The true cost of Wash. initiative I-1033
September 24, 2009
Filed under Columnists
No one enjoys paying taxes. Giving money away is hard, especially if you’re not certain about the cause. But as a Washington resident, do not be fooled by Tim Eyman’s latest anti-tax initiative, I-1033: it is a really, really, really bad idea.
Tim Eyman: Washington state’s crusading anti-tax activist: has gathered enough signatures to put I-1033 on the ballot that Washington voters will receive in mid-October. If passed, it would freeze future state spending at the spending in this year’s budget, with annual adjustments for inflation and population growth. Sounds pretty innocent, right? Wrong.
Here’s the catch: due to the recession, the current state budget is one of the smallest and worst we’ve had in years. This year’s budget cuts $1.5 billion from public schools and colleges, requires over 3,000 teachers and education employees be laid off, cuts basic health services to 40,000 Washington residents and cuts basic environmental protection programs.
As our economy recovers, I-1033 would ensure these setbacks are locked in. Any tax revenue collected beyond the previous year’s receipts would be given back as property tax cuts, the majority of which would go to the wealthy and large commercial property owners. Thus, it makes sense that Bellevue Square developer Kemper Freeman donated $25,000 to pay signature collectors and get I-1033 on the ballot; residents like Freeman would be big winners.
However, The Washington Office of Financial Management estimates that in five years, this would cut $5.9 from the state budget. In addition to education and health care, funding for police, firefighters, roads, libraries, parks et cetera, would be in jeopardy as well.

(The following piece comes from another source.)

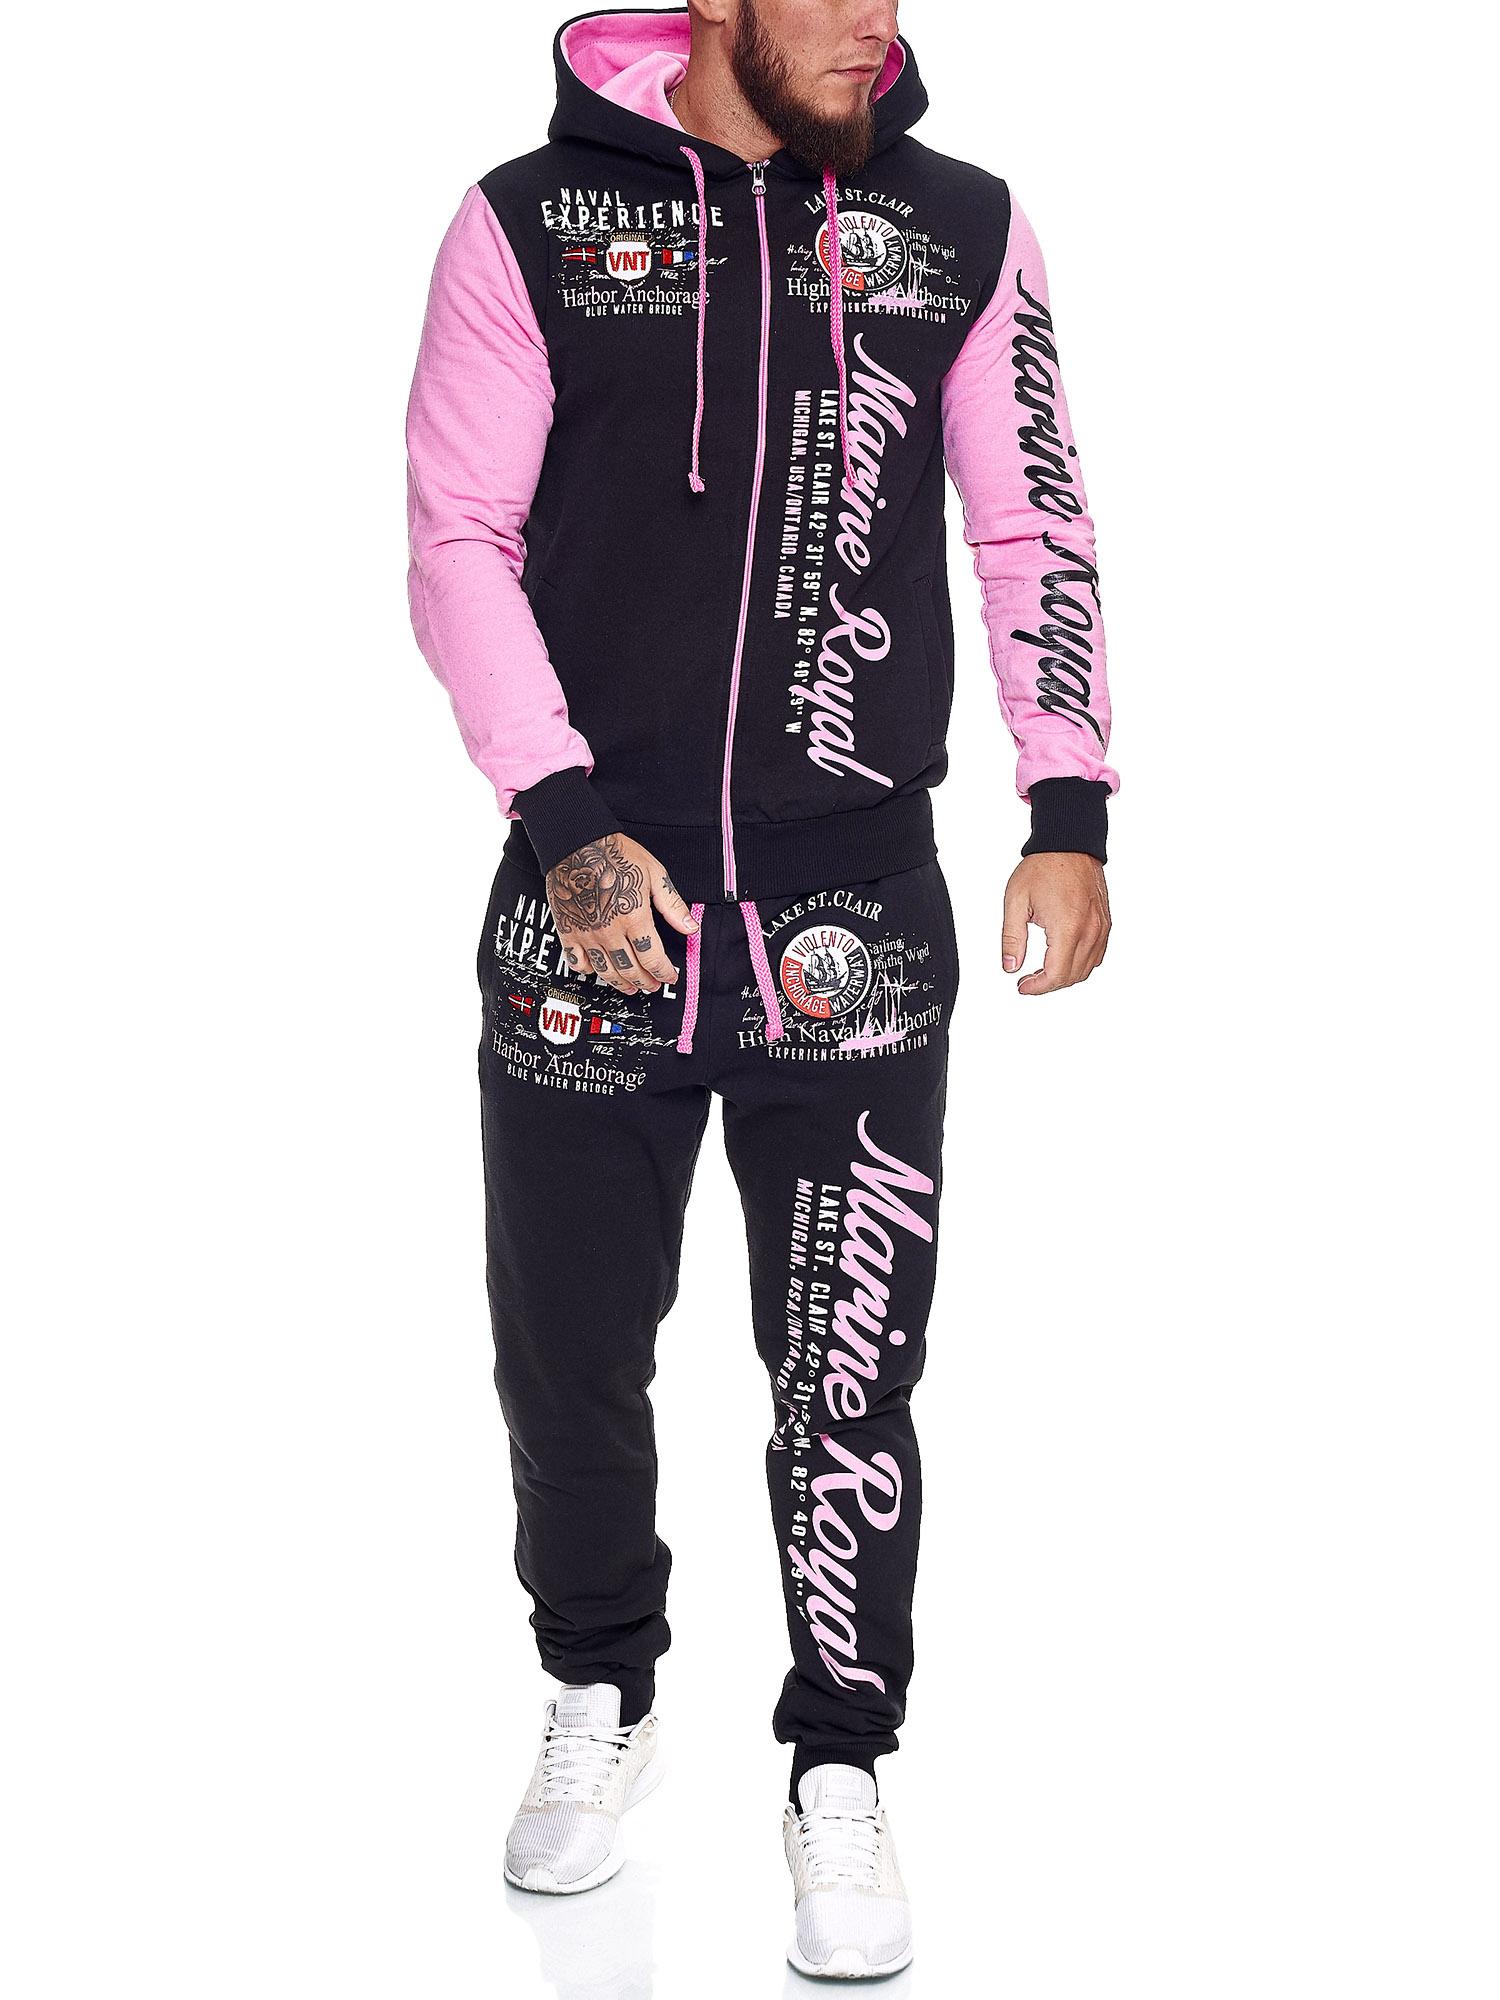 Damen-Jogginganzug-Frauen-Trainingsanzug-Sportanzug-Streetwear-JG-512-John-Kayna Indexbild 35

Eyman’s revenue limit strategy has been tried before and has proven disastrous. In 1992, Colorado experimented with a similar policy. As a result, funding for public services plunged and Colorado dropped to 49 in the nation in education funding. After just five catastrophic years, voters decided to largely overturn the measure.
In Washington state, we are currently battling the worst recession in a lifetime. We need more funding to retool our K-12 science and math curriculum: not the cuts and the larger class sizes I-1033 guarantees.
To compete in the global economy, Washington state needs more young people enrolling in universities and community colleges: not further layoffs, higher tuition and increased exclusivity.
As Baby Boomers retire, we need to plan ahead to ensure a healthy citizenry: not make further cuts to our already limited health services and vaccination programs.
For those active in progressive Washington state politics, Tim Eyman is a near-annual headache. Since 1998, Eyman has collected enough signatures to get sixteen initiatives on the ballot. Most have been to cut taxes, although he has also taken on affirmative and laws to prevent discrimination on the basis of sexual orientation.
Taxes are a necessary evil. They’re not fun to pay, but they protect the American dream of equal opportunity in our nation, our state and our community. This fall, choose education for the young, financial security for the elderly and forward-thinking environmental policies over knee-jerk conservatism and simple anti-tax slogans. Vote “No” on I-1033.